Stupid Republican Tricks: New Deal Edition (UPDATED)

Original Link: http://democrashield.com/2009/02/02/stupid-republican-tricks-new-deal-edition/

It has become a common trope among conservatives that the New Deal “failed”–that is to say, it didn’t really fix the Great Depression and may have actually prolonged it. According to this line of thinking, it was really World War II that solved the Great Depression.

The “New Deal failed” argument is being used to argue the economic stimulus package, basically asserting that, if massive government spending didn’t work then, it probably won’t work now, so we should find some other way to resolve our economic crisis.

First, did the New Deal actually fail, or is this argument just a smokescreen being used to undermine an economic stimulus bill that Republicans don’t like? Even if you go by these figures from the right-wing Heritage Foundation, you see that unemployment drops by more than 57% between when FDR implements the first New Deal and when the U.S. enters World War II. Considering that the New Deal was a program designed to create jobs and reduce the massive unemployment rate, it’s hard to imagine how that would constitute a failure.

But what bothers me more is the WWII part of this argument, because it just doesn’t make any sense. Economically, what was the Second World War but a massive government spending program that absolutely dwarfed the New Deal in terms of cost? I mean, that’s how World War II helped the economy–it led to the government investing unprecedented amounts of money in the war effort. Millions of new jobs were created, particularly in the manufacturing sector, where America was suddenly producing everything from military uniforms to bullets to tanks and bombers.Plus, the millions of soldiers deployed in the war effort were sustained by federal spending, since the government paid for everything from the food they ate to the clothes they wore.
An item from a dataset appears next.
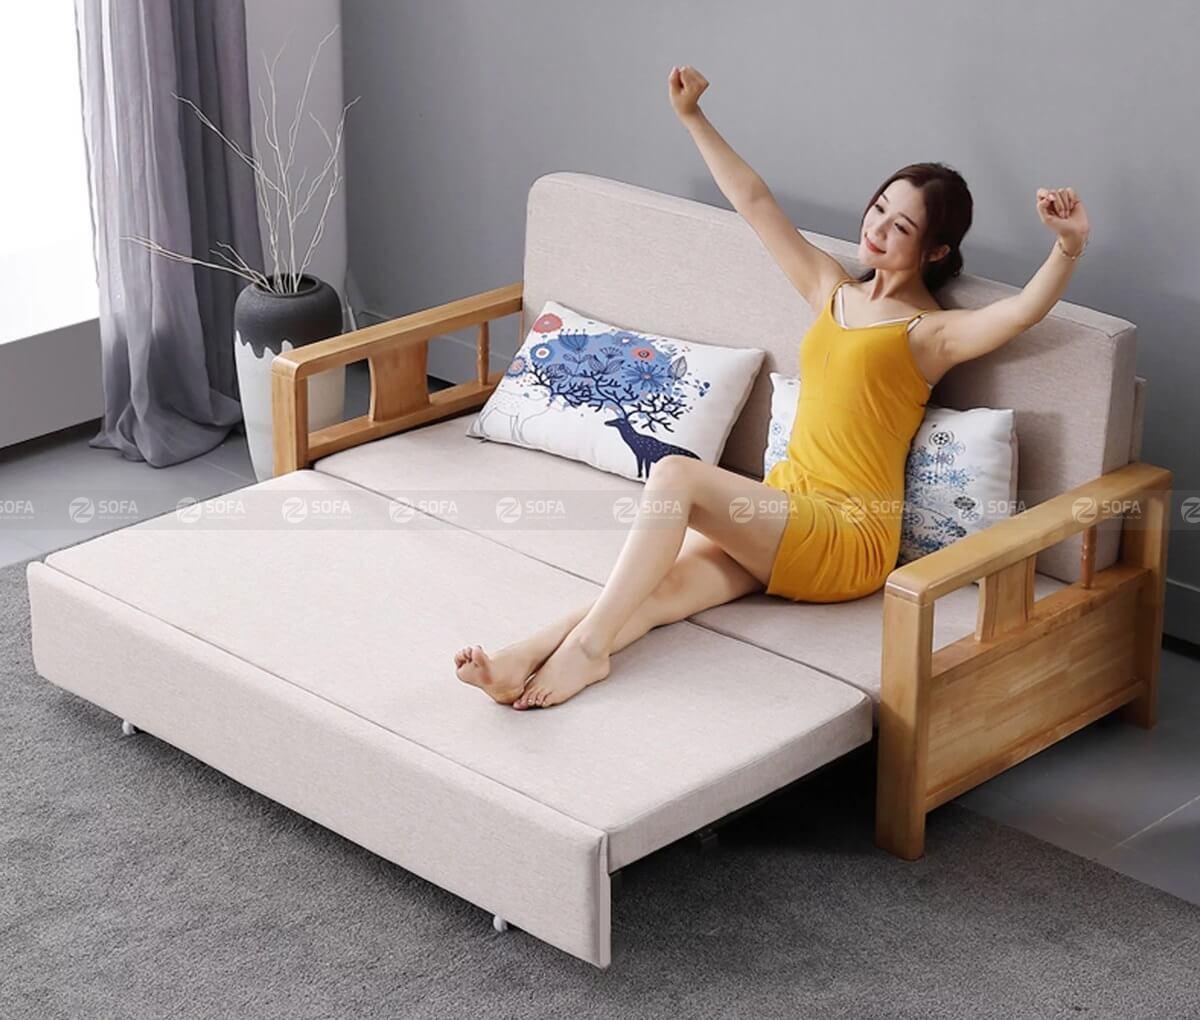 Nên mua ghế sofa bed ở đâu tốt nhất Sài Gòn?

You can’t deny that World War II was a far bigger government spending program than the New Deal–at the time, the war effort cost $288 billion while the New Deal cost just $32 billion. In today’s dollars, WWII cost $3.6 trillion while the New Deal cost just $500 billion. And not only was the Second World War massive government spending, it was massive deficit spending; between 1941 and 1945, adjusted for inflation, the national debt quintupled.

So when conservatives argue that the New Deal didn’t fix the economy but World War II did, they’re actually saying that the massive government spending program did more good for the economy than the smaller government spending program. They have no trouble arguing that it took the equivalent of $3.6 trillion in government spending to fix the Great Depression, yet are balking at an $800 billion economic stimulus package today.

I agree that the New Deal didn’t fix the Great Depression and that it took the WWII war effort to really end the crisis. But that argument contends that we should be spending more money to fix this crisis, not less; I worry that our $800 billion stimulus package isn’t enough, not that it will be too much. And, despite what conservatives may argue, history isn’t on their side here.

UPDATE: Nobel laureate Paul Krugman has more about the conservative “New Deal failed” delusion:

Net stimulus of around 3 percent of GDP — not much, when you’ve got a 42 percent output gap. FDR might have been more of a Keynesian if Keynesian economics had existed — The General Theory wasn’t published until 1936. Note in particular that in 1937-38 FDR was persuaded to do the “responsible” thing and cut back — and that’s what led to the bad year in 1938, which to the WSJ crowd defines the New Deal.

Implications for Obama: be inspired by FDR, but don’t imitate him slavishly. In particular, your economic policy should be bolder, not more cautious.